Tverskaya Zastava is a square in Central Administrative Okrug in Moscow. Belorussky railway station faces the square. The streets which terminate at the square are, in counterclockwise order, Leningradsky Avenue, Gruzinsky Val, 2nd Brestskaya Street, 1st Brestskaya Street, 1st Tverskaya-Yamskaya Street, Lesnaya Street, and Butyrsky Val.

History 
The site of the square is the former edge of the city of Moscow on the road to Tver. A customs post (zastava) was established there in 1742. Victorious Russian armies passed through the gate there, and in 1814 a wooden triumphal arch was erected at what was now called Triumphalnaya (Triumphal) Square, to celebrate victory over Napoleon. In 1834 this was replaced by a masonry arch and the square was renamed New Triumphal Gates Square. 
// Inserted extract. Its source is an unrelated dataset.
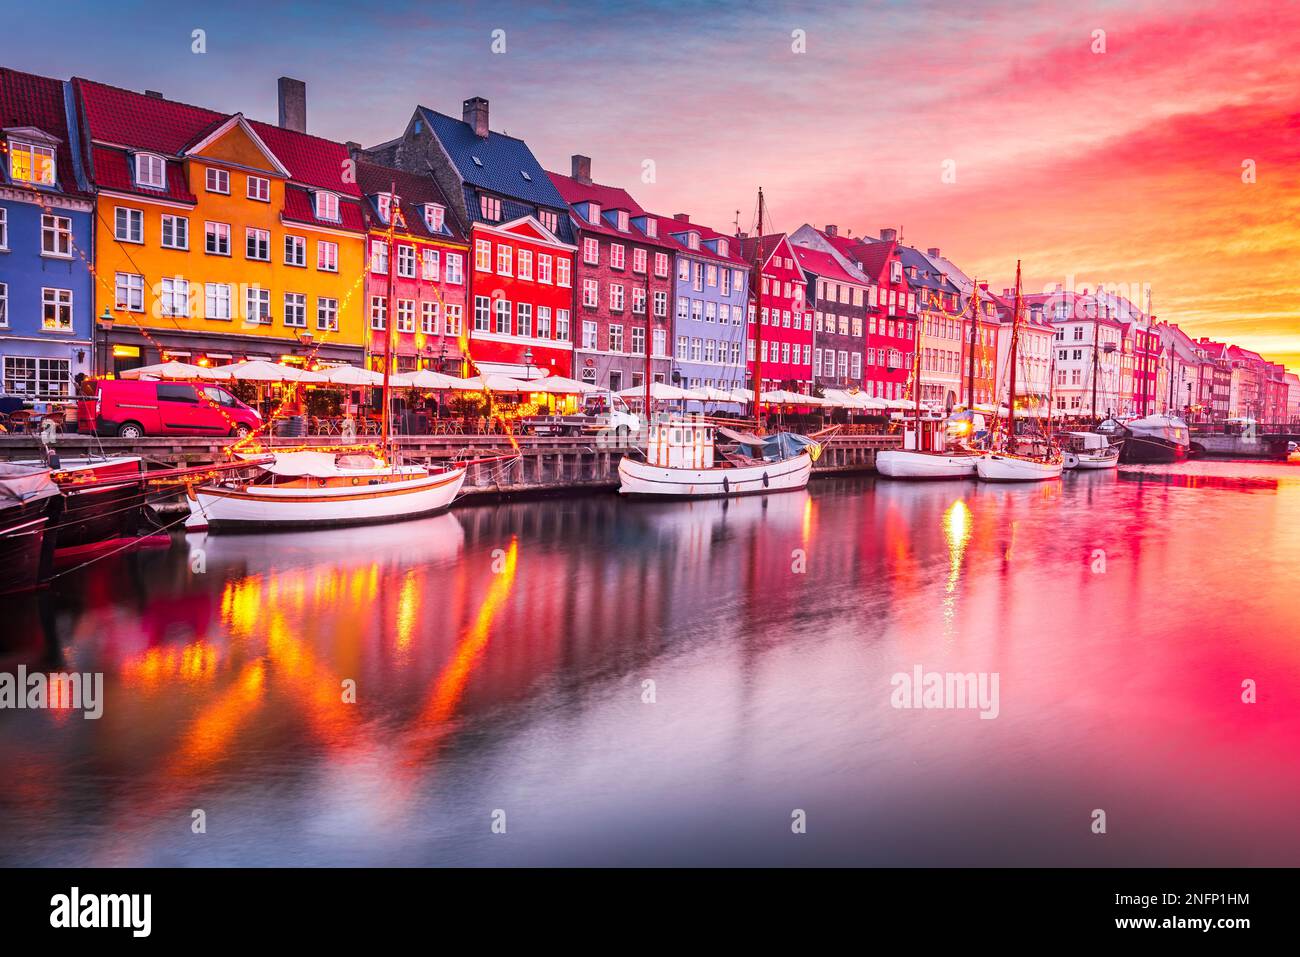 Copenhague, Dinamarca. Experimente la impresionante belleza del canal Nyhavn al amanecer, con sus icónicos edificios coloridos y sus serenos reflejos del agua. Foto de stock

What is now Belorussky railway station opened at the square in 1870 under the name of Smolensky station. It was renamed to Brest station after the line was extended, and again to Aleksandrovsky station after the building was redesigned. In May 1936 it was given its present name of Belorussky station. That year the square was redesigned and the arch removed; it is now at Victory Square.

By 1950 Tverskaya Zastava Square had been laid out as a park. A bronze statue of Maxim Gorky was installed there in 1951, but when the square was reconstructed in 2008, was removed to the sculpture park near the Central House of Artists.